The Bizzell Memorial Library, anchoring the South Oval with its handsome Cherokee Gothic facade, carries a significance far beyond its 4.7 million volumes and fifty incunabula. In 1948, G. W. McLaurin, a Black man, was denied admission to OU's graduate school. A court forced the Board of Regents to admit him, but the university directed McLaurin to study in a separate area within the library and eat only in a segregated section. The NAACP brought the case to the U.S. Supreme Court, which in McLaurin v. Oklahoma State Board of Regents ruled in 1950 that the university's segregation policy was unconstitutional at the graduate level. The decision became a critical precedent for the landmark 1954 Brown v. Board of Education case that dismantled separate but equal nationwide. Bizzell Memorial Library has been designated a U.S. National Historic Landmark in recognition of this history.

Sooner Born, Sooner Bred

The nickname says everything about Oklahoma's competitive spirit. The Sooners take their name from settlers who sneaked into offered territory and staked claims before the starting gun of the 1889 land run -- rule-breakers rewarded for audacity. That ethos has produced forty-five team national championships and the longest winning streak in NCAA Division I football history: forty-seven consecutive victories from 1953 to 1957. Seven Heisman Trophy winners have worn the crimson and cream, from Billy Vessels in 1952 to Kyler Murray in 2018. The softball program has won eight national titles, including an unprecedented four straight from 2021 through 2024. Men's gymnastics has captured twelve championships, more than any other sport on campus. President George Lynn Cross once told the Oklahoma State Senate with a wry smile: "I want a university the football team can be proud of." The Pride of Oklahoma marching band, 311 members strong, has marched in both the Tournament of Roses and Macy's Thanksgiving Day parades.

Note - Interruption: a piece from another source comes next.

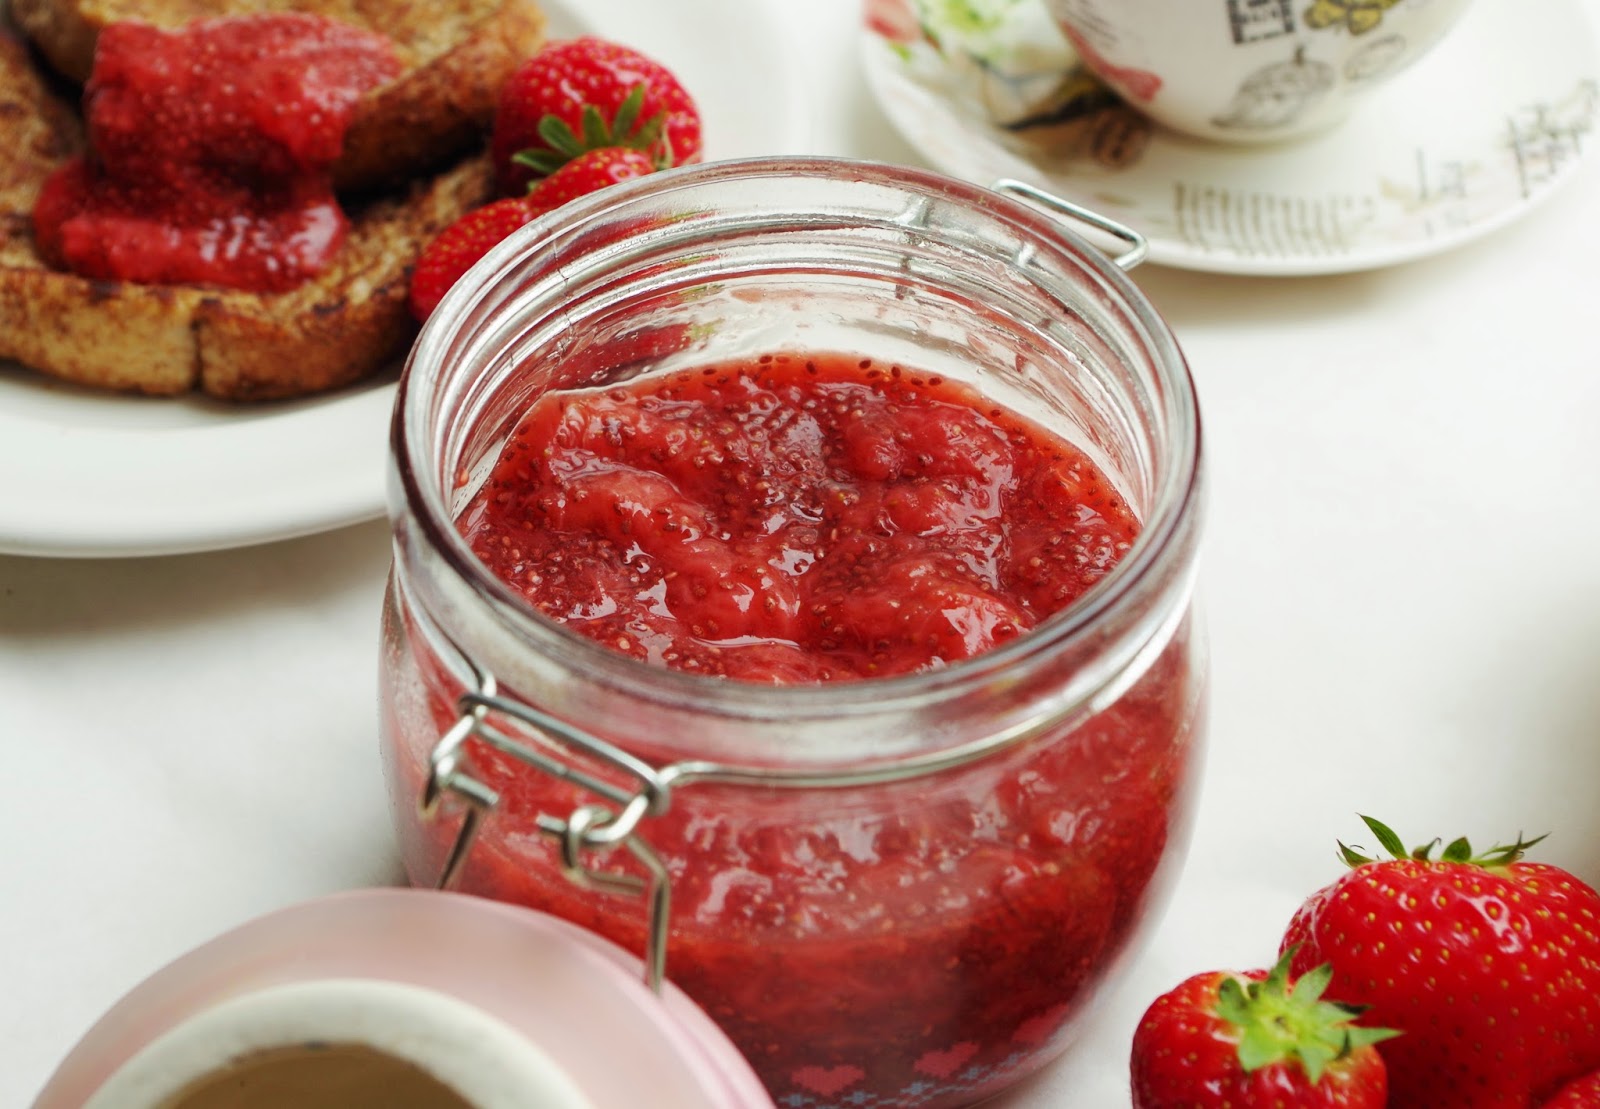 How to prepare strawberry jam

From Naval Air Station to Weather Capital

OU's north campus began life in the early 1940s as Naval Air Station Norman, an advanced flight training facility that could handle all but the largest bombers. After World War II, the university absorbed the installation, and naval aviator's wings still displayed at the terminal entrance honor that heritage. Today the north campus houses the Max Westheimer Airport, the Radar Operations Center, and the College of Aviation -- one of only twenty-nine aviation colleges accredited worldwide. The south campus research corridor has become a national hub for weather science, anchored by the National Weather Center, the Advanced Radar Research Center, and partnerships with the National Severe Storms Laboratory. With 34,523 students enrolled as of fall 2024 and campuses in Norman, Oklahoma City, Tulsa, and even a renovated monastery in Arezzo, Italy, OU has grown far beyond the treeless prairie it started on -- though the trees, as President Boyd insisted, came first.

From the Air

The University of Oklahoma campus sits at 35.21N, 97.45W in Norman, Oklahoma, about 20 miles south of Oklahoma City. The campus is identifiable by its distinctive oval layout and the large Gaylord Family Oklahoma Memorial Stadium on the east side. Max Westheimer Airport (KOUN, ICAO: KOUN) is on the north campus, approximately 2 miles north. Will Rogers World Airport (KOKC) serves the broader region, about 15 miles north. Best viewed at 3,000-5,000 feet AGL to see the campus layout, dual ovals, and stadium complex.